— Dataset section —
== == ==

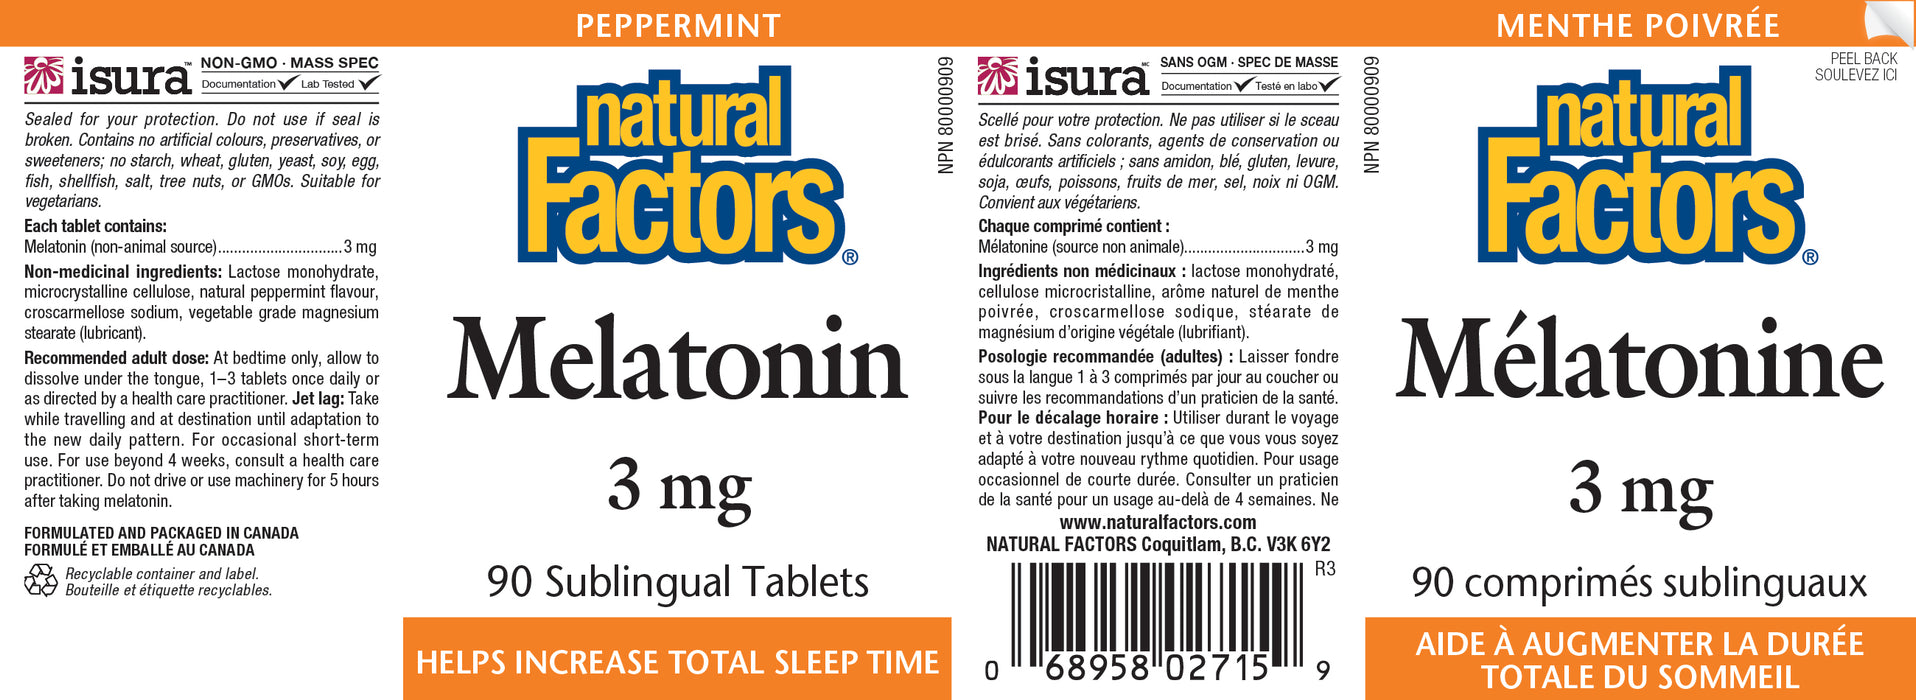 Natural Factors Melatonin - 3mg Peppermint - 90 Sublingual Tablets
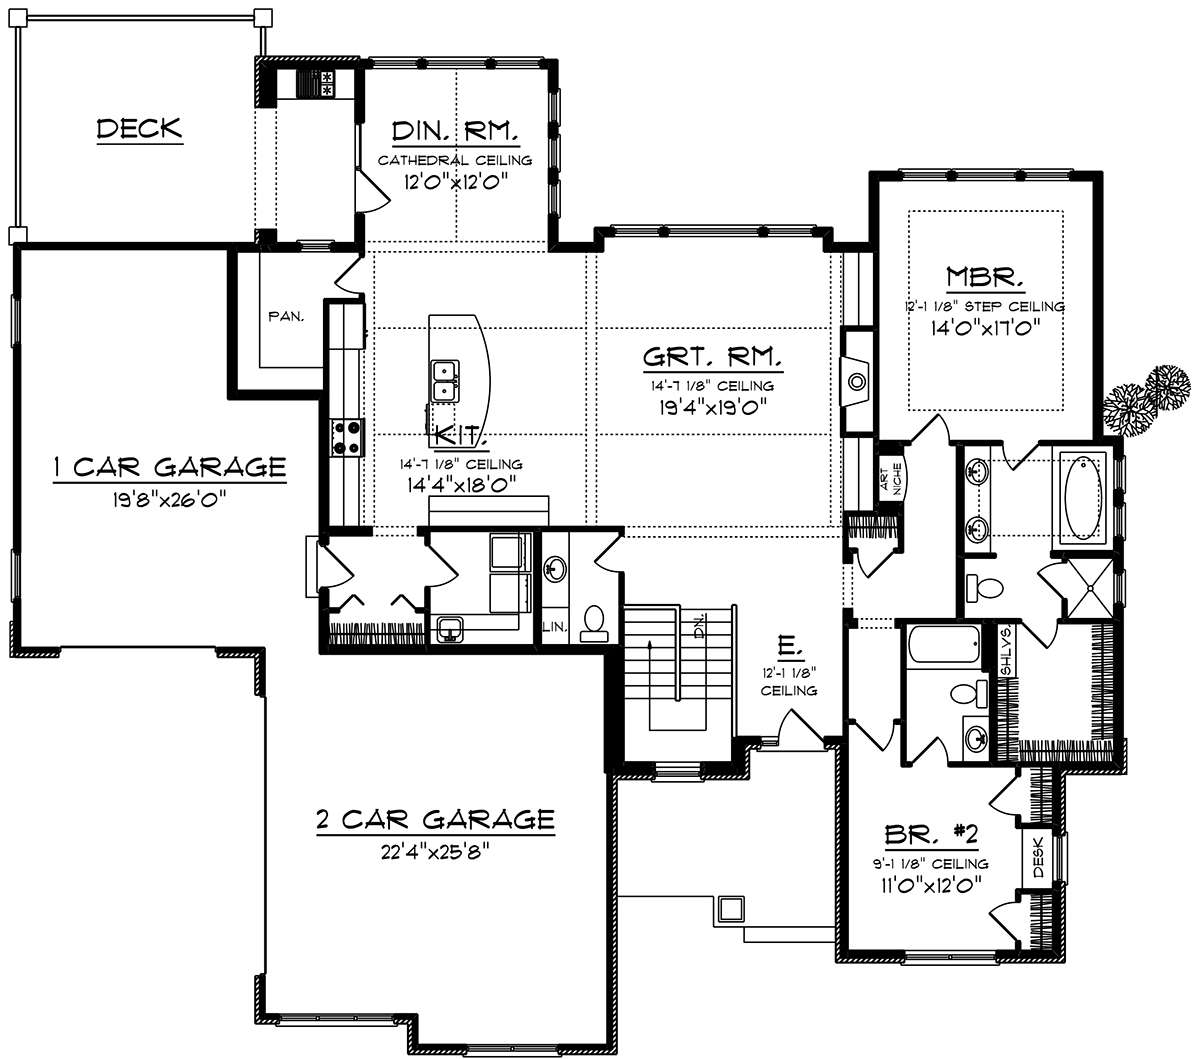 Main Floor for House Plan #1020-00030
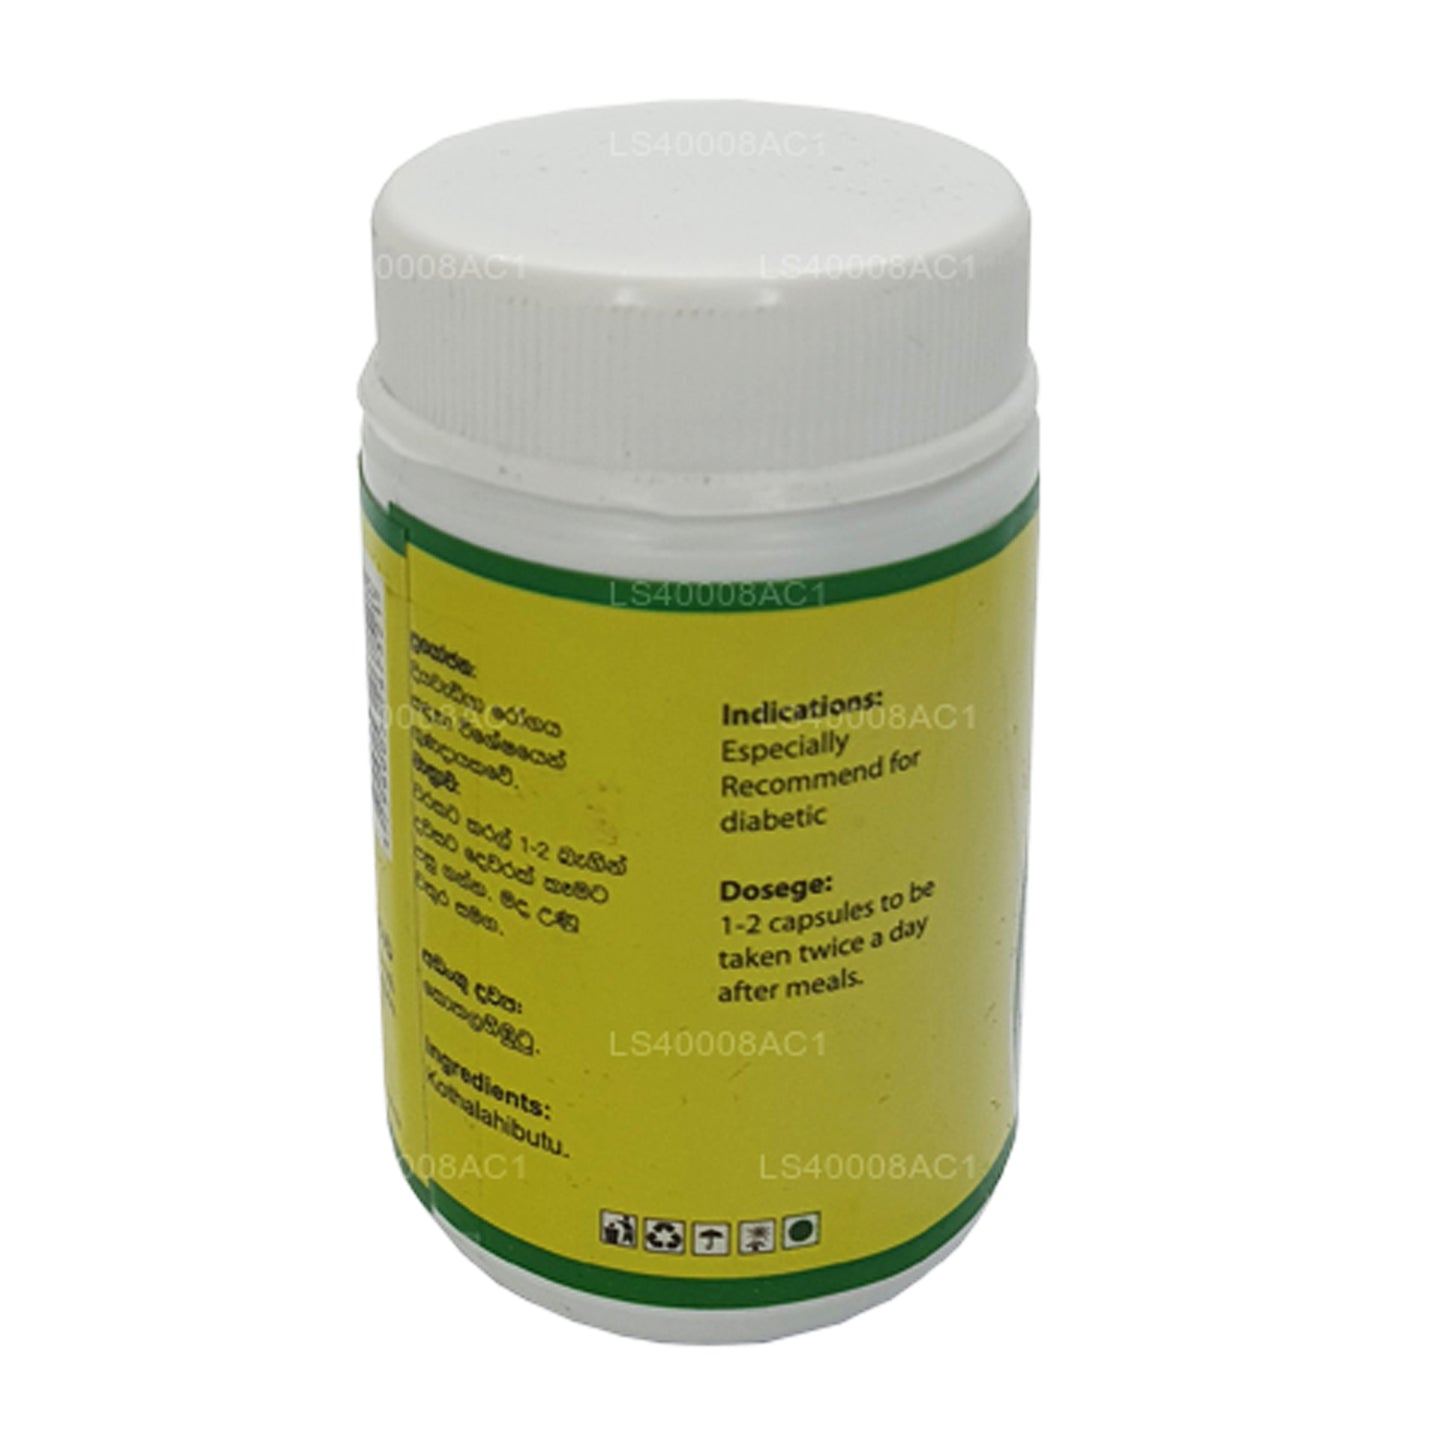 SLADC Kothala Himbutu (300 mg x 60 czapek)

== == ==

— What is expected —
Repeat the listing above word for word. Do not include the pictures.

— Your response —
 Natural Factors Melatonin - 3mg Peppermint - 90 Sublingual Tablets
 Main Floor for House Plan #1020-00030
 SLADC Kothala Himbutu (300 mg x 60 czapek)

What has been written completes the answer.